Are You Able To Find Th Real Problem
It is but obvious that founders need to identify a real problem, develop a product that solves the problem and has customers verifying by buying from them. But how does one do that? The conventional method of running a business focuses on a product-centric approach where the product is given the first and foremost priority. It is just like saying – build it and the customers will come. Although many startups deploy the same tactics to enter the market, this methodology is not a successful roadmap in the present ecosystem. Approaching the market based on quantitative figures is a catastrophe even in a forgiving or bubble economy.
A product development approach might work when a new product is introduced into an existing market with known parameters and dynamics. But it's a disaster when it comes to bringing a new product to a new market or bringing a new product to a new section of the existing market.
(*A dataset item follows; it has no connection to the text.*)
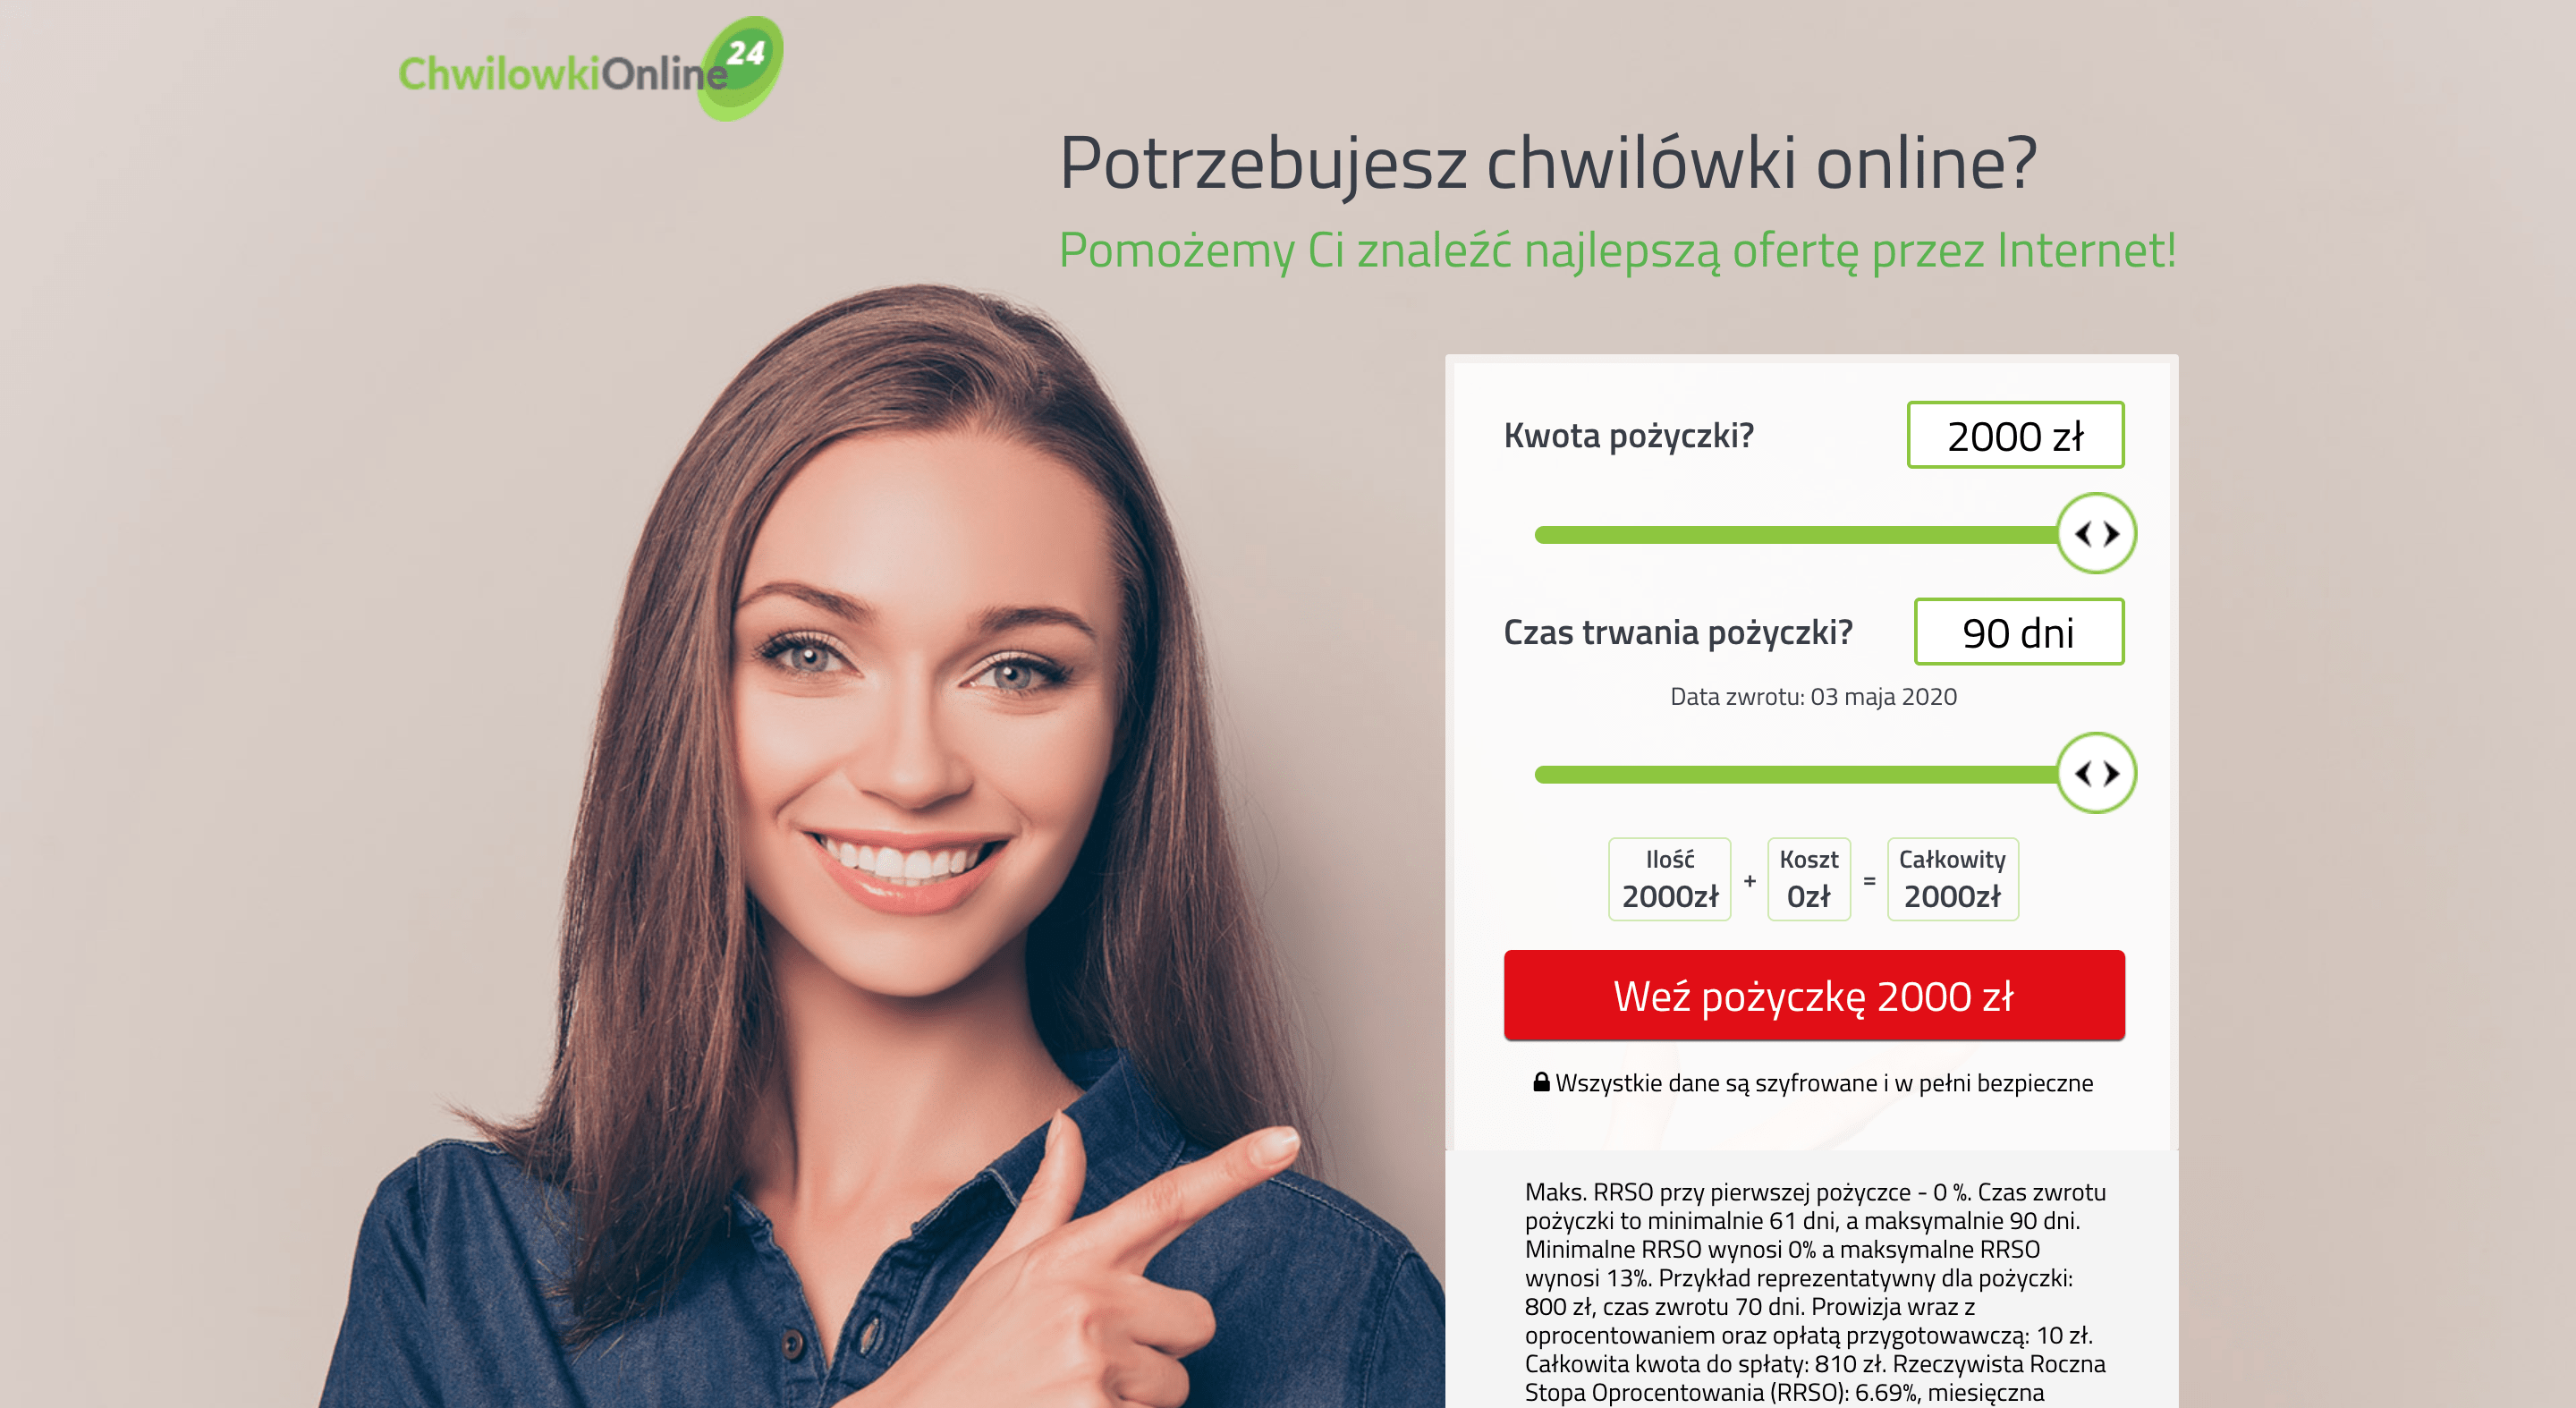 Chwilowkionline24 - Pożyczki do 2 000 zł.

So what should be done to ensure that a real pain point is addressed? The answer to that is, as articulated by Steve Blank, "Get out of the building"!
The Right Approach
All you have inside the building are opinions; the facts are with your customers. It is hence a necessity to verify your own assumptions with qualitative customer interactions. Only after you gather sufficient data on your understanding of the customer do you return home to give this feedback to your product guy. Not only does this help a company identify real needs, but it also contains them at a low cash burn rate until the company validates the problem-solution fit and moves towards finding early adopters.
Once a company understands the real problem, the next stages get unlocked for discovery. After this basic understanding about the customer, the best way to move further is not by building a product bang on but to understand if the proposed product will achieve the liking of the early adopter. For this, the best way would be to create a demo of the most important features required and again go back to the consumer for her reaction. This way a company tests its value proposal even before investing in core product building.
If the product gets the required hype, the company would aim to build a minimum viable product to verify their presumption on a small batch of early evangelists who would help them understand and design future learning milestones and the route to the mainstream customer. If you keep listening to the right customers carefully, you will end up executing a successful product strategy. Hence your first set of customer interactions isn't to learn whether customers love your product. It's to learn whether your assumptions about the problems customers have are correct. If those assumptions are wrong, it doesn't matter how wonderful the product is; no one will buy it.
To summarize the process, outlined as "build-measure-learn feedback loop" by Eric Ries in his book "The Lean Startup", companies targeting to enter a new market or a resegmented market should focus on understanding the problem, defining a solution, validating qualitatively and verifying quantitatively. This approach will help entrepreneurs explore the right synergy between product development and customer development during their initial as well as mid-years of the problem-solution phase as well as the product-market phase.